This, as it turns out, is common for the rest of this group of letters. A few more chapters fall out of this letter, and then again in the letter of Pope Siricius of Himerius of Tarragona. So, as far as those missing chapters are concerned, ‘low quality’. Presumably it was copied from a damaged exemplar.

But I also found something I’m still thinking about.

In Siricius’ letter to Himerius (from 385), Rome’s bishop is telling his Spanish colleague about how clergy shold go through the ranks. In the edition I’m collating against (not the Ballerini; unsure what their text is here) — and every manuscript I’ve read thus far — we read:

acolythus et subdiaconus esse debebit; postque ad diaconii gradum

[having lived content with a wife…] he will be allowed to be an acolyte and a subdeacon; and after, to the rank of deacon

Yes, this is only a sentence fragment. But Cologne 212 adds two interesting phrases. Its text reads:

quinque annis acolitus et subdiaconus esse debebit postquae tricensimo anno ad diaconii gradum

[having lived content with a wife…] for five years, he will be allowed to be an acolyte and subdeacon, and after, in his thirtieth year, to the rank of deacon

Since these temporal phrases don’t turn up in the other manuscripts I’ve looked at for this letter — Dionysiana, Dionysio-Hadriana, Weingartensis, Teatina — the temptation is to reject them, especially Dionysiana and Teatina are definitely old and definitiely Italian — even if their manuscripts are newer.
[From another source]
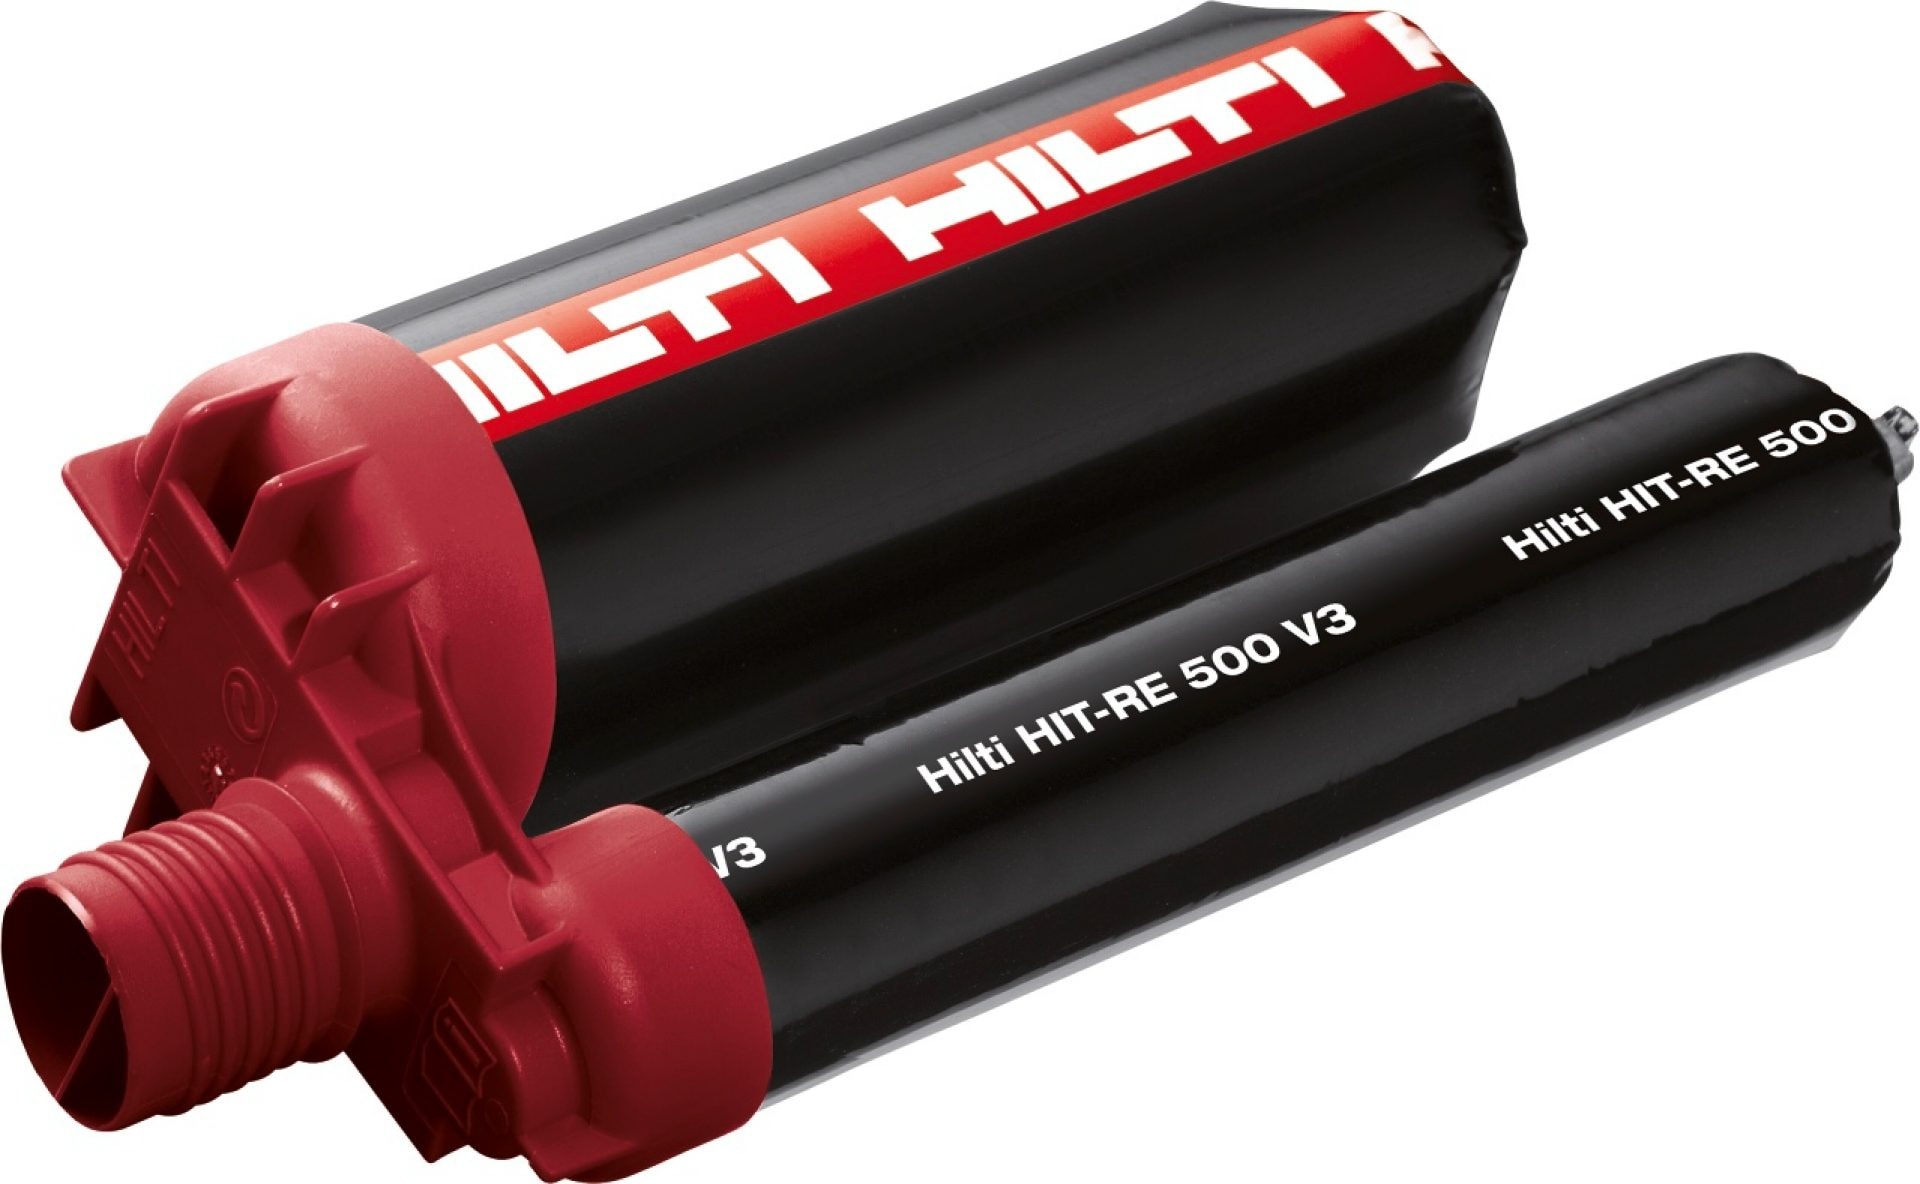 Hilti HIT-RE 500 V3 epoxy mortar

Another reason to reject them is that they are the sort of thing I expect to be added to canon law manuscripts. These manuscripts were written as sources for canon law, I believe. Therefore, it is not unreasonable that someone would slip in information that makes them more practical. These are standard canonical time periods and ages. If Siricius didn’t actually write them, a scribe could imagine that he had. Indeed, a scribe could have written them as interlinear notes that were later incorporated. That’s how these things work.

You have to read between the lines. Just in case someone else was.

The story in a canon law manuscript

One of the manuscripts that I had to consult both for my PhD and for my current research lives at the Biblioteca Vallicelliana. Its shelfmark is A.5. Like most of the manuscripts I study, this is a manuscript about canon law; wait, no, it’s a manuscript of canon law. Before you fall asleep, I direct your attention to this piece about making canon law sexy. (That’s actually a potential book title; I claim it now!)

Manuscript A.5 is very large. 35.5 x 45.5 cm large. It’s over 300 pages long, written in two columns. The main text is in Caroline minuscule with capitalis rubrics. Here’s some Caroline minuscule to keep you happy:

Page of text (folio 160v) from a Carolingian Gospel Book (British Library, MS Add. 11848), written in Carolingian minuscule. From Wikiwand.

Page of text (folio 160v) from a Carolingian Gospel Book (British Library, MS Add. 11848), written in Carolingian minuscule. From Wikiwand.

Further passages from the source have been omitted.